I recently checked and watered my 6V Lead Acid batts, and while at it, also checked each cells health with a hydrometer.

The hydrometer showed that not all cells were balanced. Roughly half the cells on each battery showed excellent health/charge (1.300), while the other half was a tad lower at 1.275. While this could be normal wear, my batts are rather new at 2 years old and tendered each day with 400W solar.

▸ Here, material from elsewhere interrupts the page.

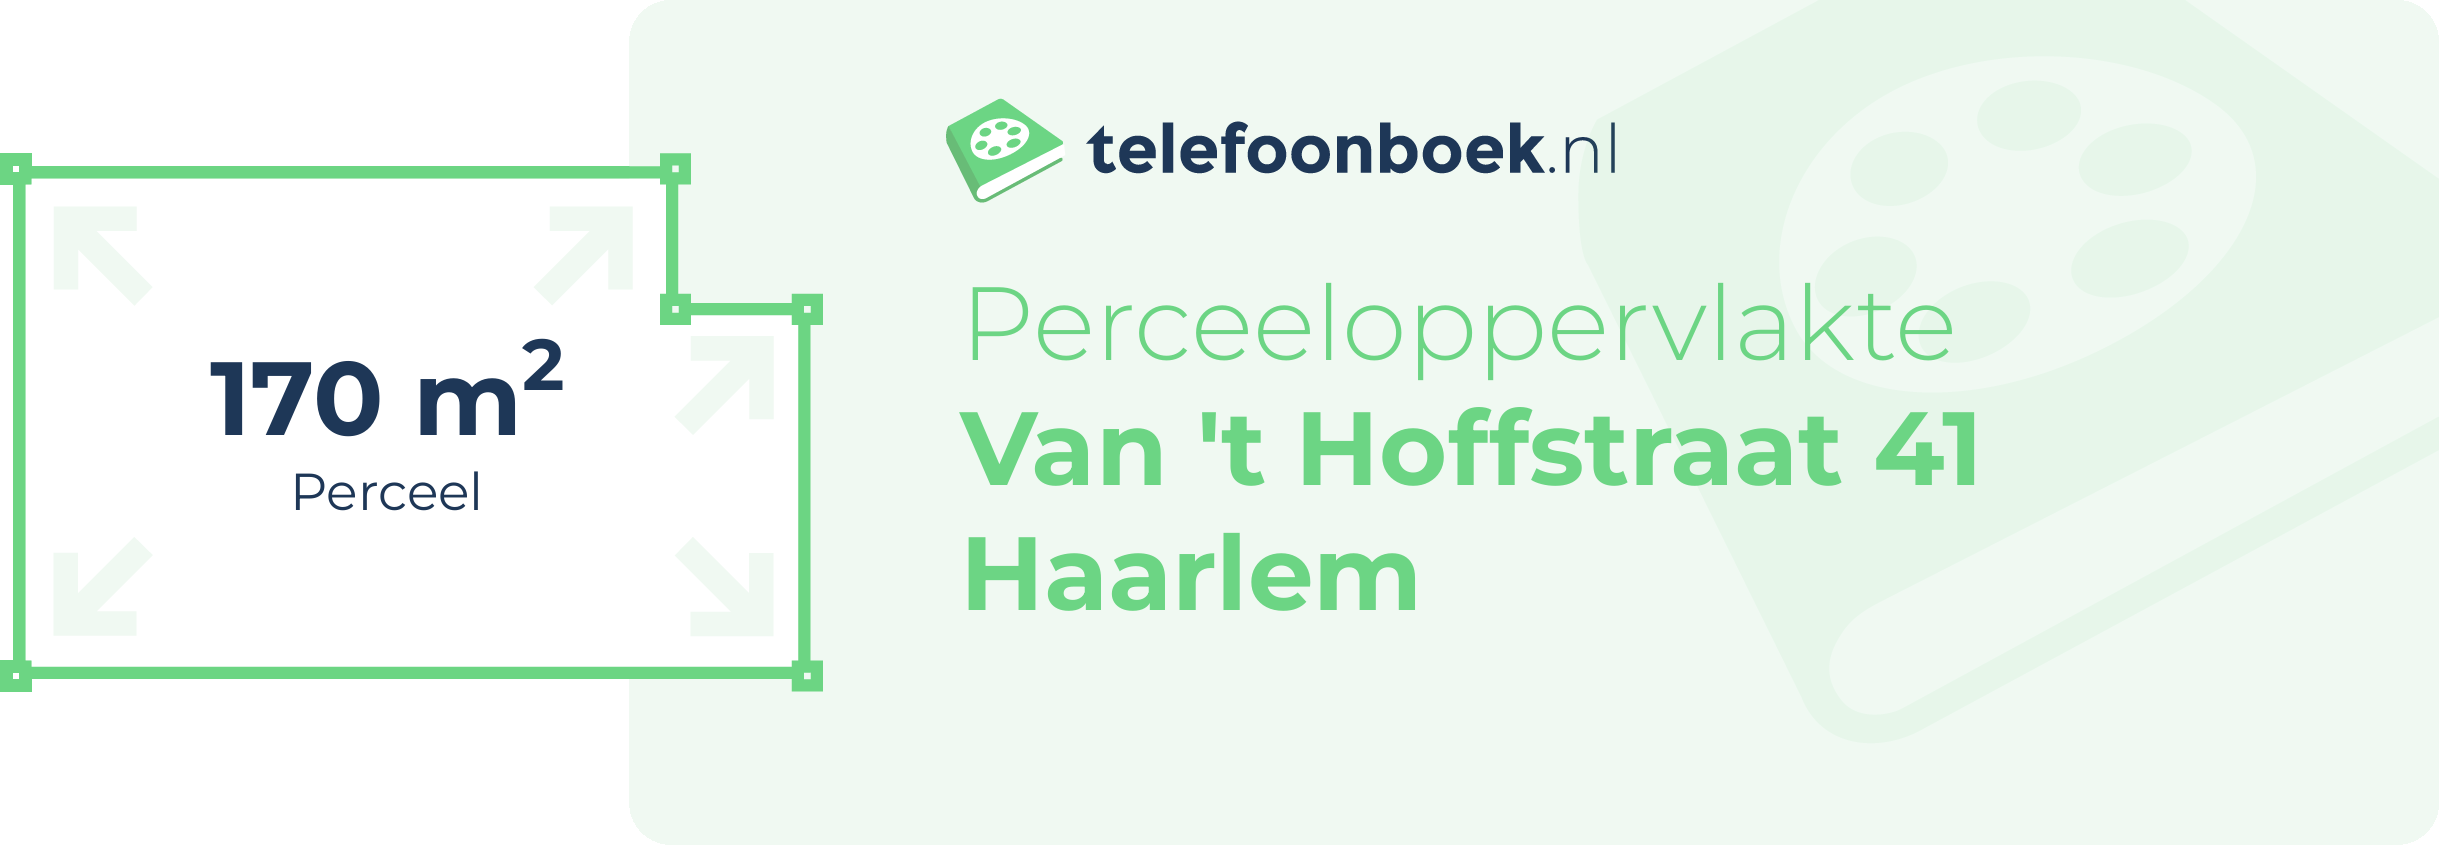 Perceeloppervlakte Van 't Hoffstraat 41 Haarlem

I decided to dig in deeper and check out my solar charge controller settings.

To my surprise, while my solar charge controller was set correctly on flooded lead acid (FLA), inspection of the specific voltages showed that the defaults were way tepid, especially absorption and equalization voltages.

Default FLA solar controller voltages:
Bulk (max current), Absorption (14.4V), Equilization (14.6V), Float (13.8V)

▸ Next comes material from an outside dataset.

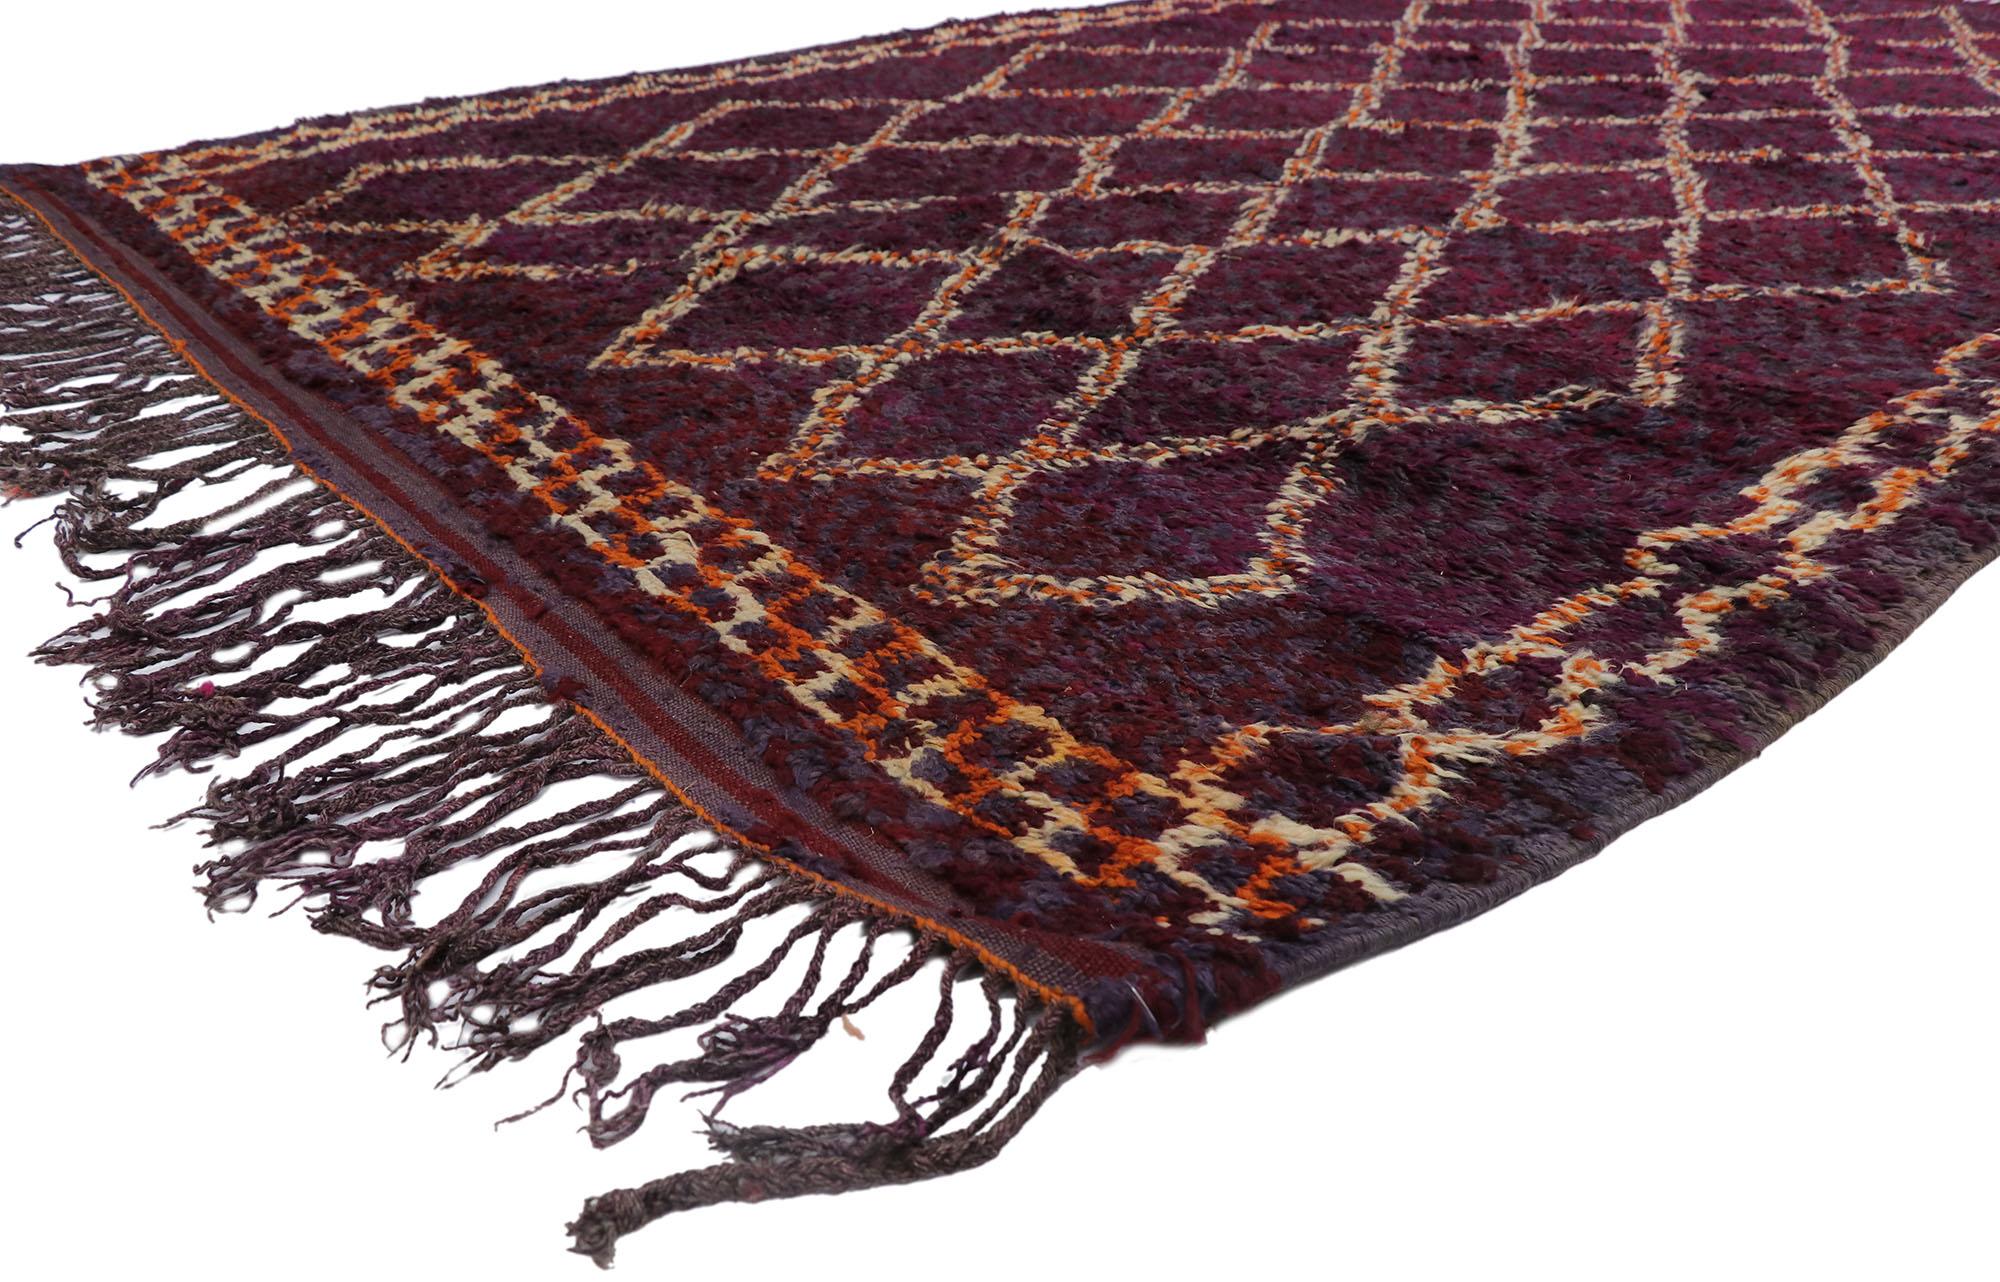 21515 Vintage Berber Beni M'Guild Marokkanischer Teppich mit böhmischem Stil 07'00 x 11'03. Dieser handgeknüpfte marokkanische Berberteppich Beni M'Guild aus Wolle mit seinem ausdrucksstarken Stammesmuster, seinen unglaublichen Details und seiner

GC2 charging recommendation:
Bulk (14.46), Absorption (15.3V), Equilization (15.6V), Float (13.4V)

Figures why the cell balances were off. So I set the charge controller to "user" profile and punched in the desired voltage targets.

One day later, checked again with the hydrometer and bam, all cells are full-up hunky dory measuring in at 1.300. Should have a bit more reserve capacity this way as well. Never figured defaults for FLA would be significantly off optimal, or perhaps they are just too conservative.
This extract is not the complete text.